NASA SUITS 2025

As part of the 2024–2025 NASA SUITS ➚ program, I co-designed an augmented reality interface for astronauts to collect and analyze lunar surface data

Tools

Category

Design System
Selected by NASA as 1 of 10 national finalists

Timeline

9 months

Role

Lead UI designer on a team of 15 designers and 8 developers

Overview

Context

NASA SUITS (Spacesuit User Interface Technologies for Students) is an annual design challenge where student teams prototype UI solutions for future lunar missions. The RISD x Brown University team was selected as 1 of 10 national finalists. We designed a dual-monitor interface to assist mission controllers in monitoring astronaut and rover activity on the Moon. The left screen showed tasks, maps, pins, and controls; the right focused on telemetry and live video feeds.

My Role

As Lead UI Designer and UX Team Lead, I created the foundational design system used by 15 designers and 8 developers. I was responsible for its creation, evolution, and adoption across the entire interface.

Design Preview

Marking points of interest

Driving the pressurized rover

Performing terrain scans

Telemetry display

Research & Discovery

Evaluate early low-fidelity wireframes for reusable UI patterns

Develop a variable library for typography, spacing, and color roles

Build scalable components (cards, tabs, pins, alerts, overlays) in Figma

Iterations

Key change #1: Differentiate hazards from other points of interest

Problem

Users struggled to tell hazards apart from normal mission markers

Solution

Introduced distinct color codes, iconography, and alert framing styles

Key change #2: Separate hazards by level of criticality

Problem

When every hazard pops on on the map, it's hard to tell which ones are minor and which ones are life-threatening

Solution

Separated hazards into cautions (equipment failure) and warnings (life-threatening). Only warnings pop up on the map

Key change #3: Reduce cognitive load when viewing telemetry

Problem

Too many data points that look the same overwhelmed the UI and made it unreadable

Solution

Prioritized essential telemetry with collapsible data groups, responsive scaling, and adaptive information thresholds depending on user role

Impact

Significantly improved workflow for 15+ designers and 8+ developers

Having the core component library built by month 1 of our 9-month design sprint gave designers a solid understanding of our design system early on and allowed developers to get a head start on implementing the UI.

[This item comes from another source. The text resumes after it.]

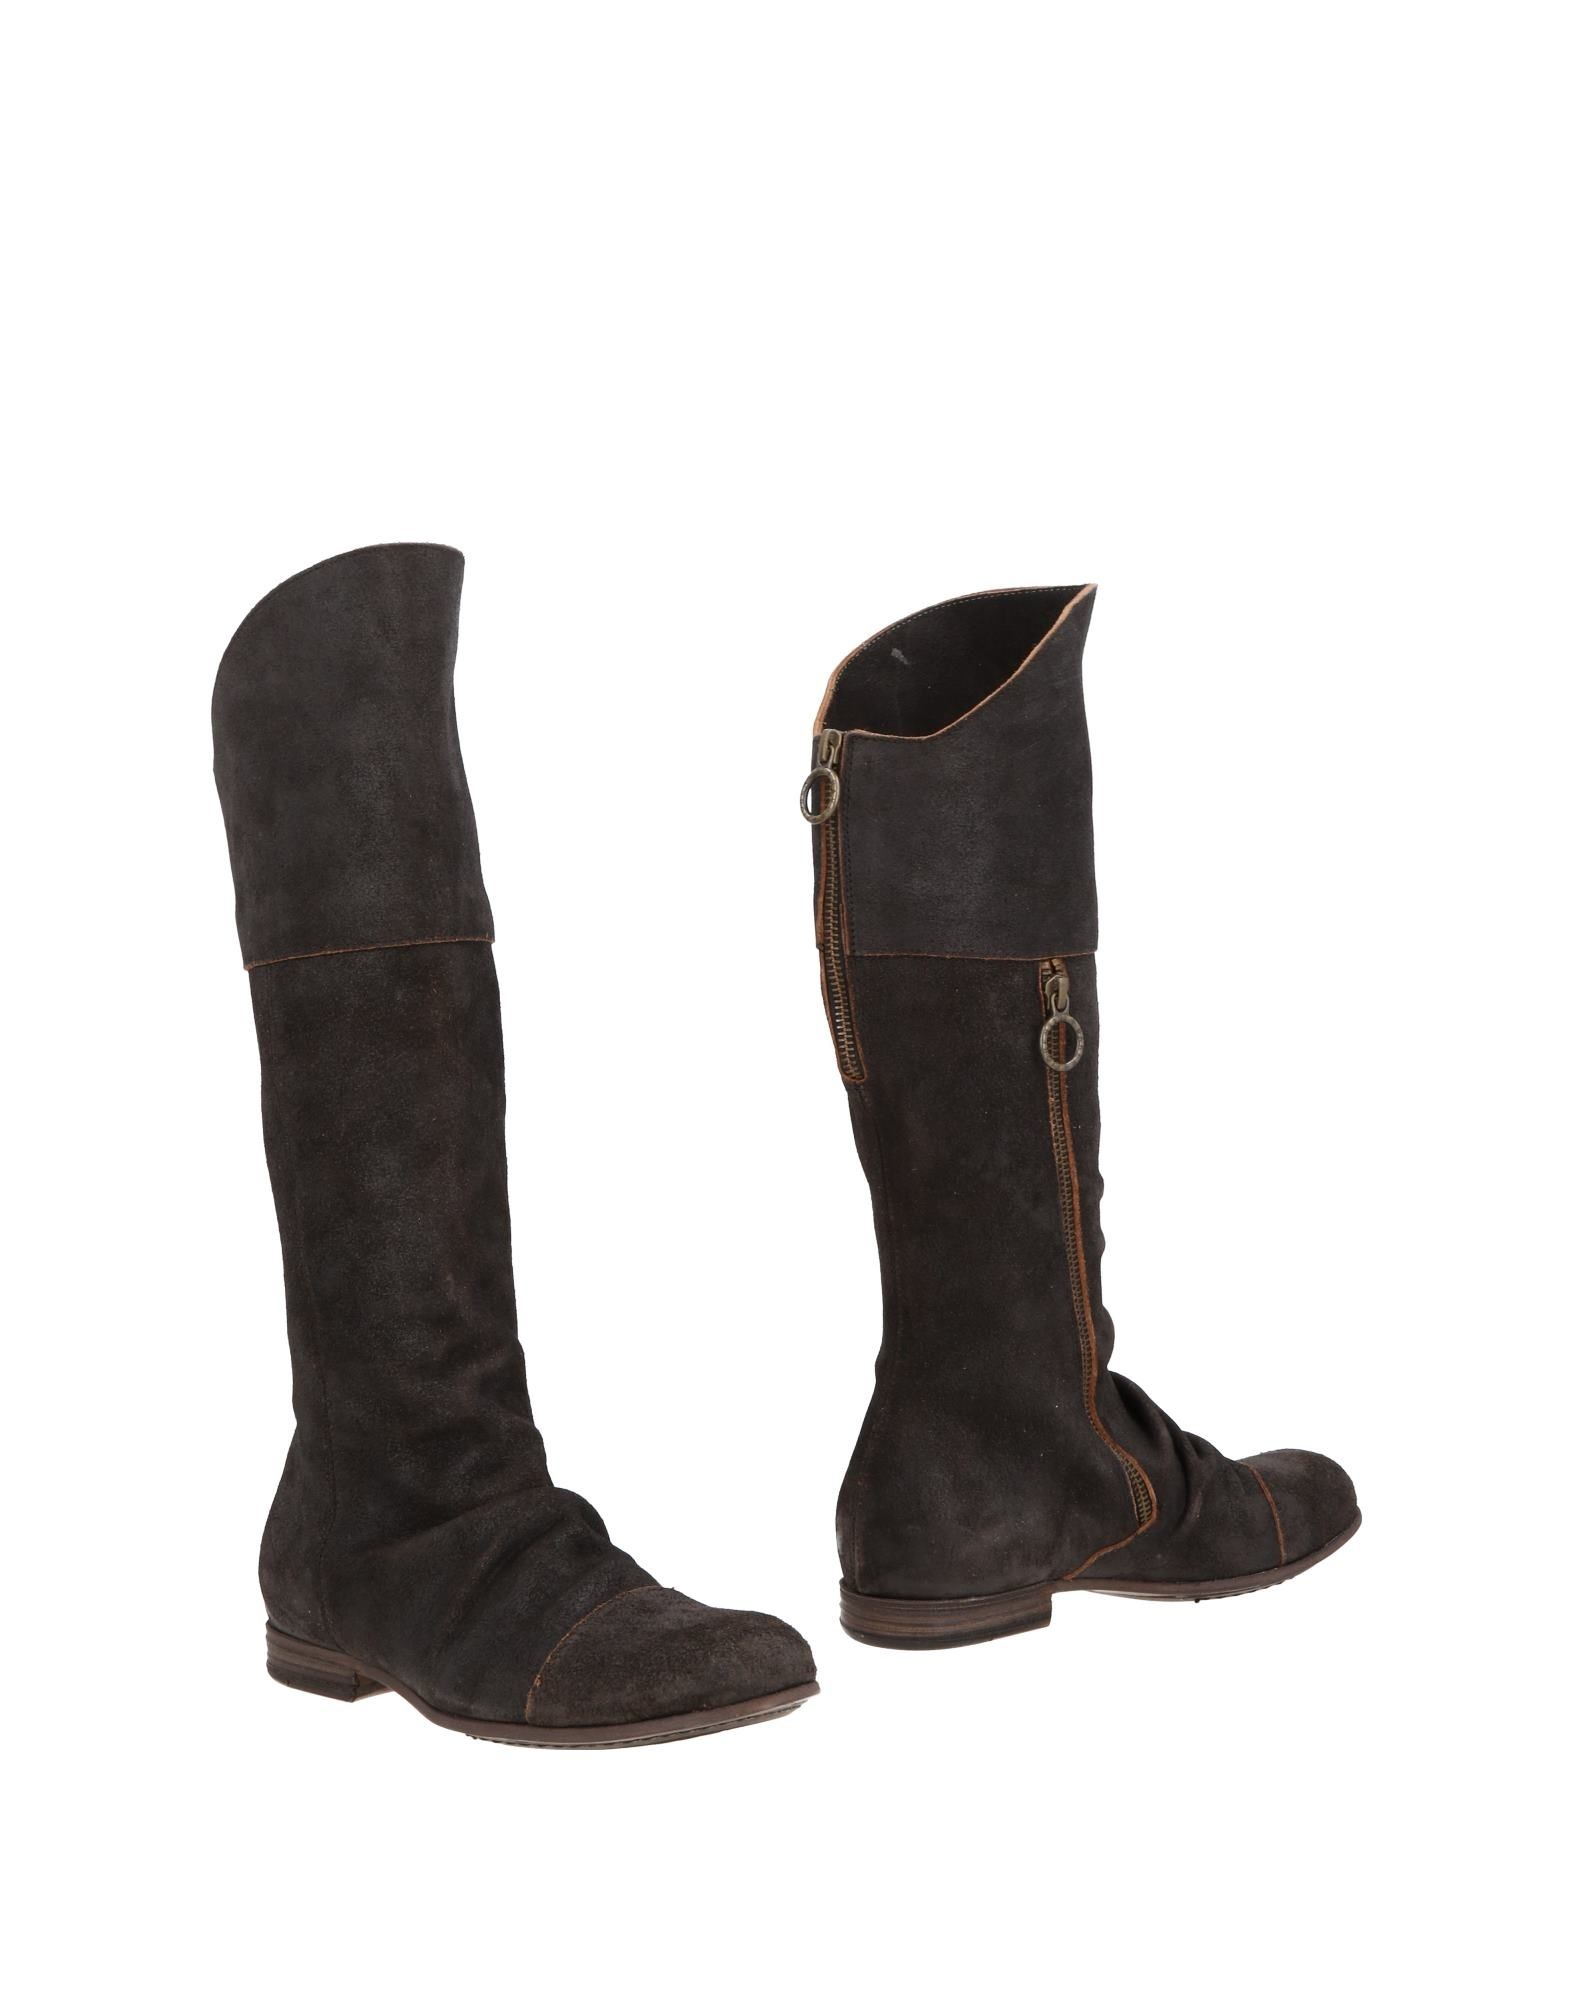 Fiorentini+Baker Boots - Women Fiorentini+Baker Boots - online on  Canada - Boots 11499398CO 2ea1e1

We were selected as national finalists!

Our RISD+Brown University team was selected as 1 of 10 national finalists for further mentorship, testing, and development. At the end of our sprint, we had the opportunity to present our solution at the Johnson Space Center in Houston.

What I learned

1

How to scale design systems across large, interdisciplinary teams
I learned to balance visual consistency with flexibility while coordinating between 15 designers and 8 developers.

2

The importance of designing for high-stakes, real-time environments
I deepened my understanding of cognitive load, hierarchy, and urgency when designing for safety-critical use cases.

3

Effective cross-functional communication
I strengthened my ability to translate abstract UX principles into clear documentation, components, and developer-ready assets.